Жанис много курил. Видимо, для того, чтобы заполнить долгие паузы. Медленно доставал из кармана пачку «Примы», вынимал сигарету, вертел в пальцах, разминал и лишь после этого всаживал в продолговатый мундштук с обгорелым, в зазубринах концом. Мундштуки Жанис мастерил сам. У него их накопилась целая коробка из-под кубинских сигар. Но пользовался Жанис только одним, обгорелым.
— Новый мундштук всегда хуже обкуренного. То-то и оно-то.
Дым «Примы» окрашивал седоватые усики во все более и более густые тона. Захоти Пильпук смыть никотинный цвет лучшим шампунем, вряд ли бы из этого что-нибудь вышло.
Выглядел Жанис всегда несколько пришибленным. Самоуверенность возвращалась к нему лишь в те мгновения, когда с кем-нибудь он уже встречался не в первый раз. Разговорчивей он, понятно, от этого не становился. И если гостить случалось у Рейниса Раюма, тот подводил итог беседе традиционным изречением:
Скоро штоф наш будет пуст,
Ты ж не размыкаешь уст.
Рейнис, пожалуй, единственный не находил, что Жанис подбит ветром. Пильпук нутром это чувствовал, а потому засиживался у него дольше, чем где-либо. Сказать правду, не было никаких оснований посматривать на Жаниса свысока. Чудаковатое увлечение еще не доказательство, что у человека не хватает винтиков. Однако в Заливе никому в голову не приходило сказать:
— Жанис коллекционирует колеса.
Говорили:
— Пильпук помешался на колесах…
Сам он тоже никогда не употреблял слово «коллекция», величал свои сокровища «подвижным составом». Какого-то особого принципа или системы у Жаниса не было. Хватал все, что попадалось под руку. Интерес к собирательству у него проклюнулся еще в детстве. Отец в кузне подковывал лошадей, оковывал колеса. Негодные отдавал сыну. Пацан гонял их, сколачивал сомнительной прочности приспособления, катался с горки. Со временем он унаследовал ремесло отца. Старые колеса по-прежнему берег, на дрова не расходовал. Вокруг цветника построил из них целый забор.

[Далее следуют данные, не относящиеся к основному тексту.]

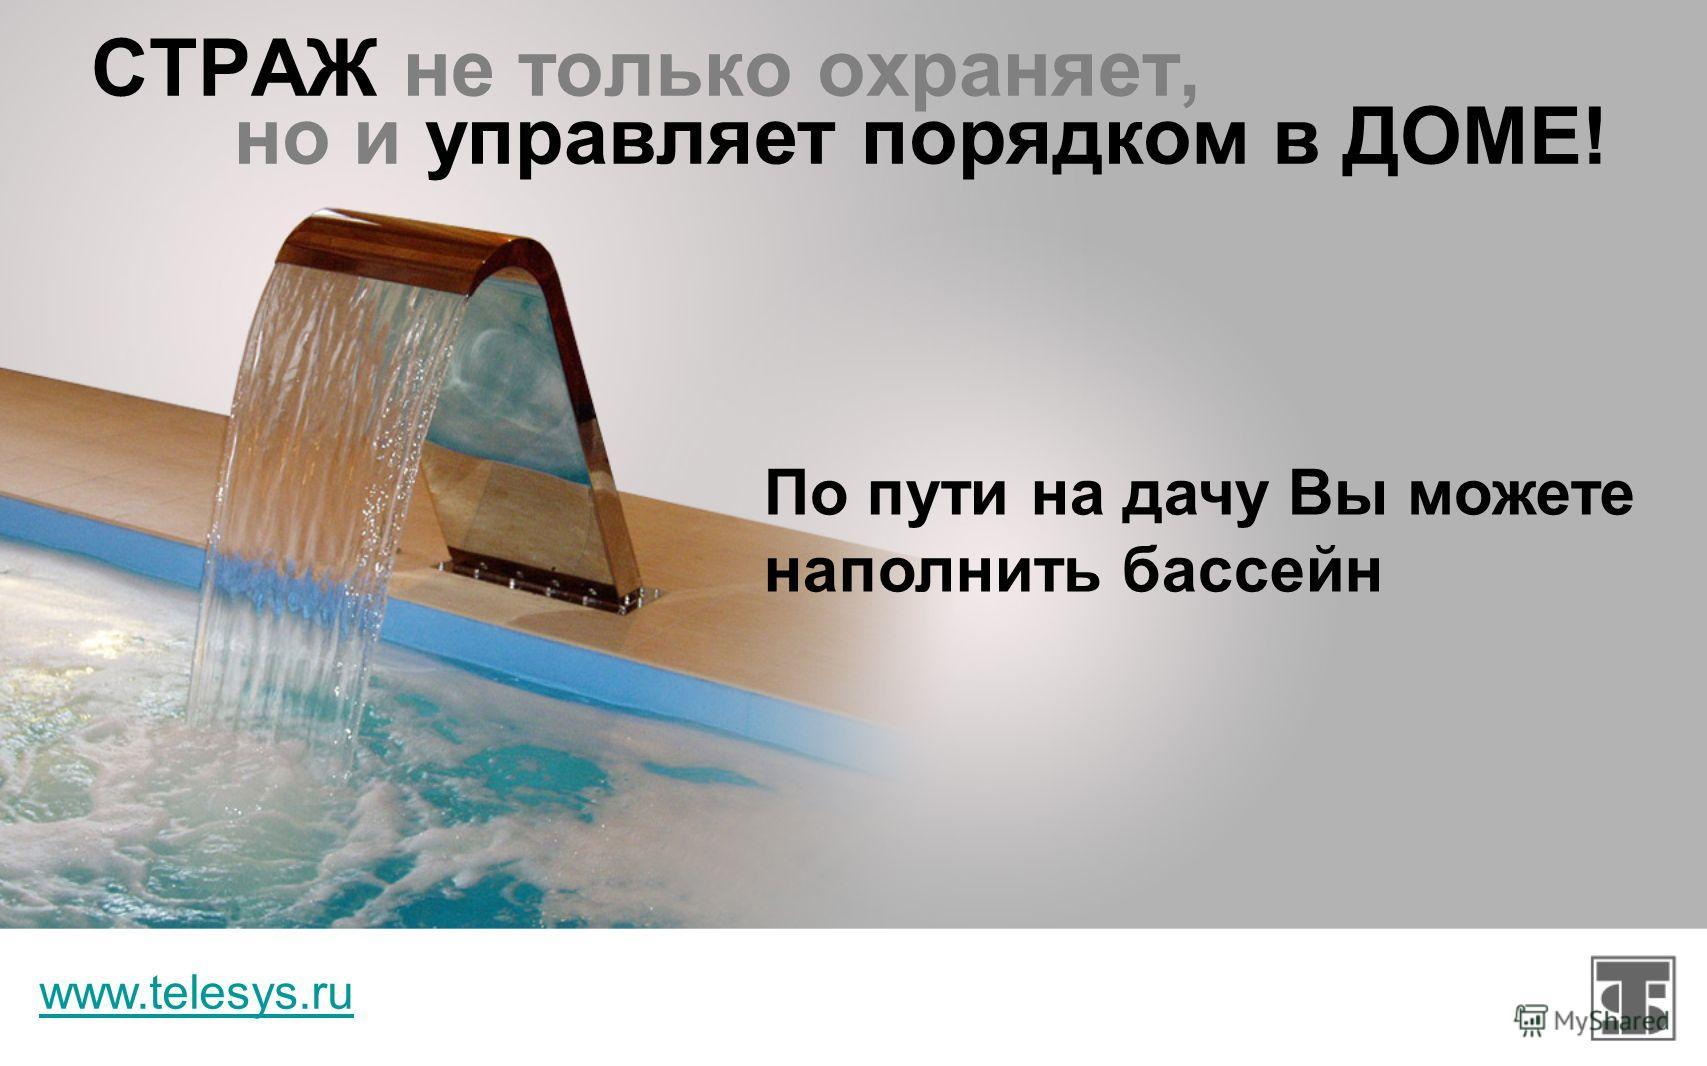 СТРАЖ не только охраняет, www.telesys.ru Вы можете дистанционно прогреть дом или протопить баню но и управляет порядком в ДОМЕ!
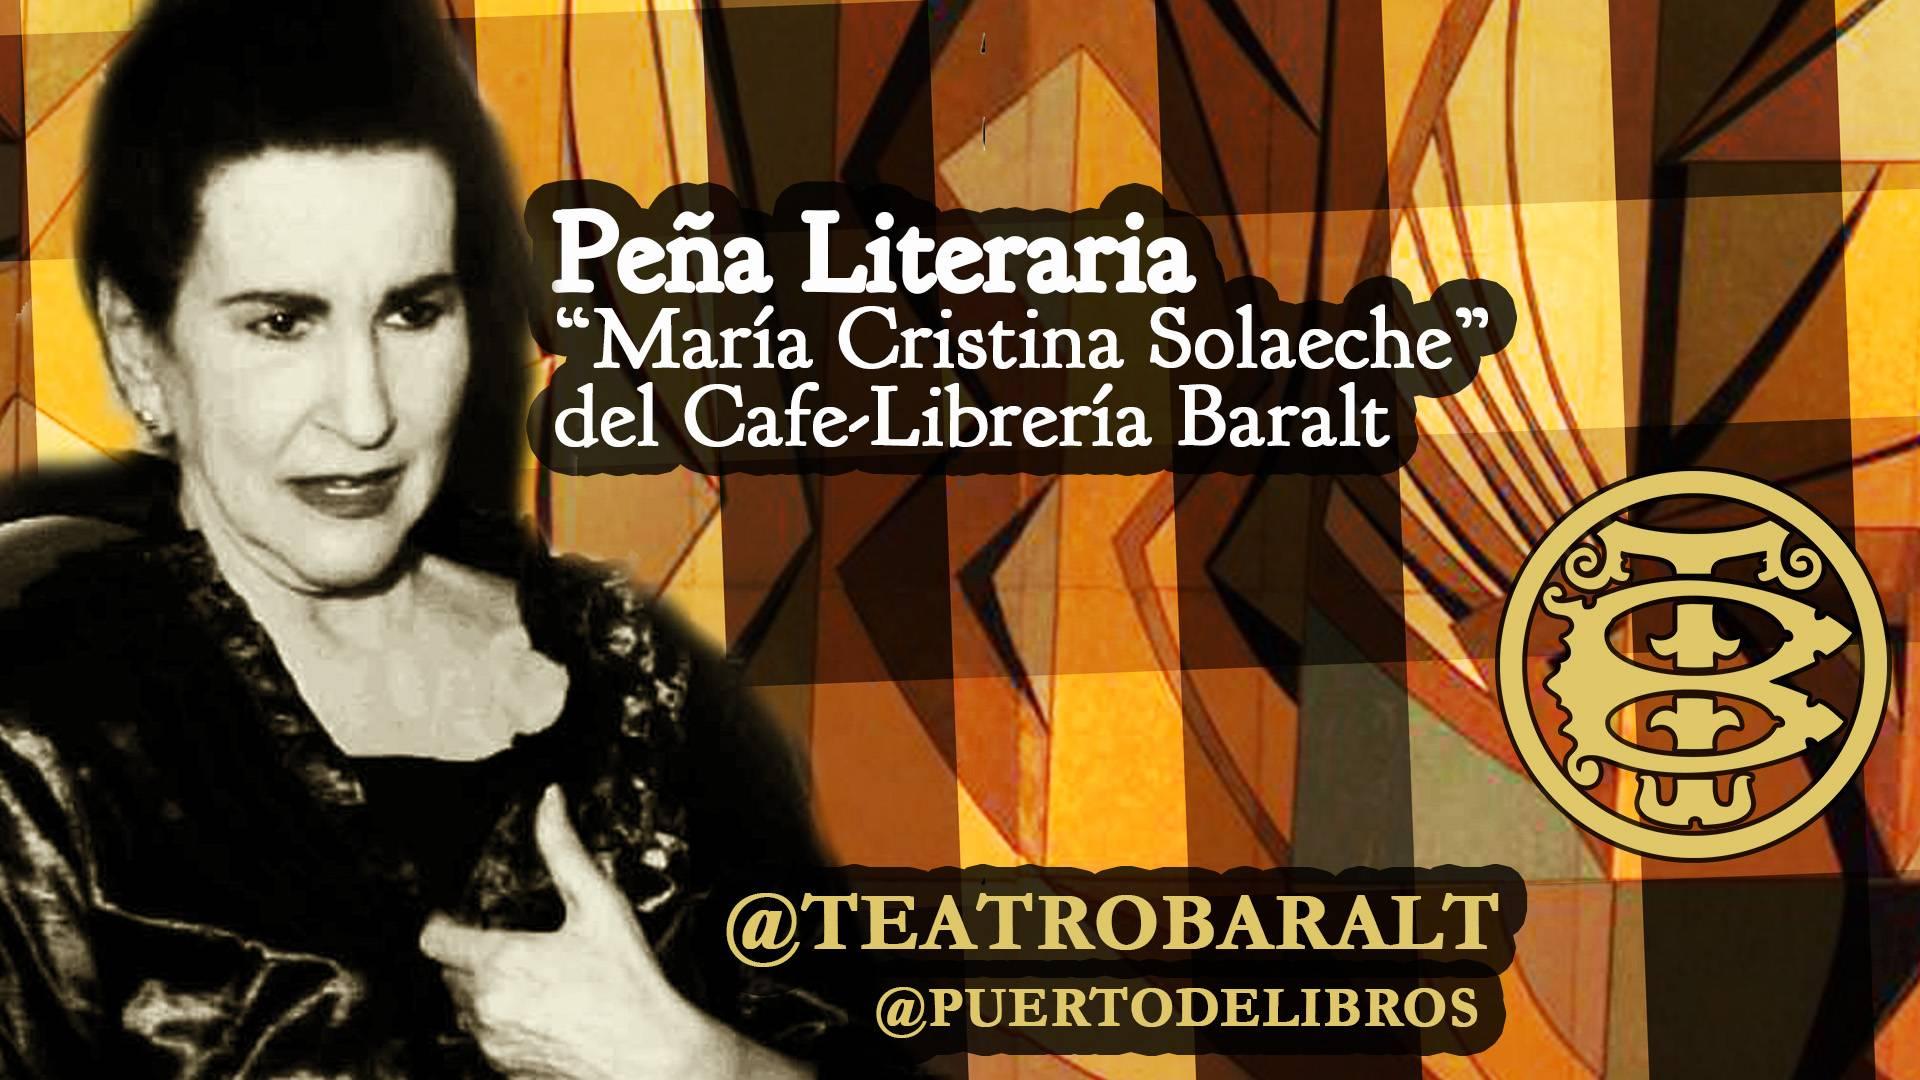 """Nace la Peña Literaria """"María Cristina Solaeche"""" en el Café-Librería Baralt"""

Коллекция заметно пополнилась во время войны, когда по Заливу два раза прокатился фронт. Просто поразительно, как мог этот тщедушный мужичок сдвинуть с места иное колесище.
В «А́мурах» — так назывался хутор Пильпука — взору представали тележные колеса на деревянной оси и на железной, от извозчичьих пролеток, детских колясок, ломовых роспусков, автомашин, тракторов, железных кроватей, самолетов и ручных тачек, с шинами и без шин, а также запчасти средств передвижения военных и предвоенных лет. Когда после капитуляции всю технику собирали, сортировали и решали, что использовать, а что отправлять на переплавку, пильпуковское собрание не тронули — что толку от одного колеса? А вот коллекция шин поредела. Обитатели Залива Иванов день обычно праздновали на Сосновой горке. Однажды только-только все распелись, как заметили за домом Пильпука на высоте лесных верхушек пламя. Оказалось, горожане нашли на берегу Нельтюпите уединенный уголок и решили обосноваться. Стали собирать хворост на растопку и набрели на угол хлева в «Амурах». Рассудили, что прислоненные к цоколю полустертые шины наверняка никому не нужны. Так в Ивановом костре испепелились покрышки немецкого штабного «виллиса», мотоцикла НСУ и двух тракторов. Этот урон Жанис уже не чаял восполнить. Осталось лишь вздохнуть и смириться с судьбой.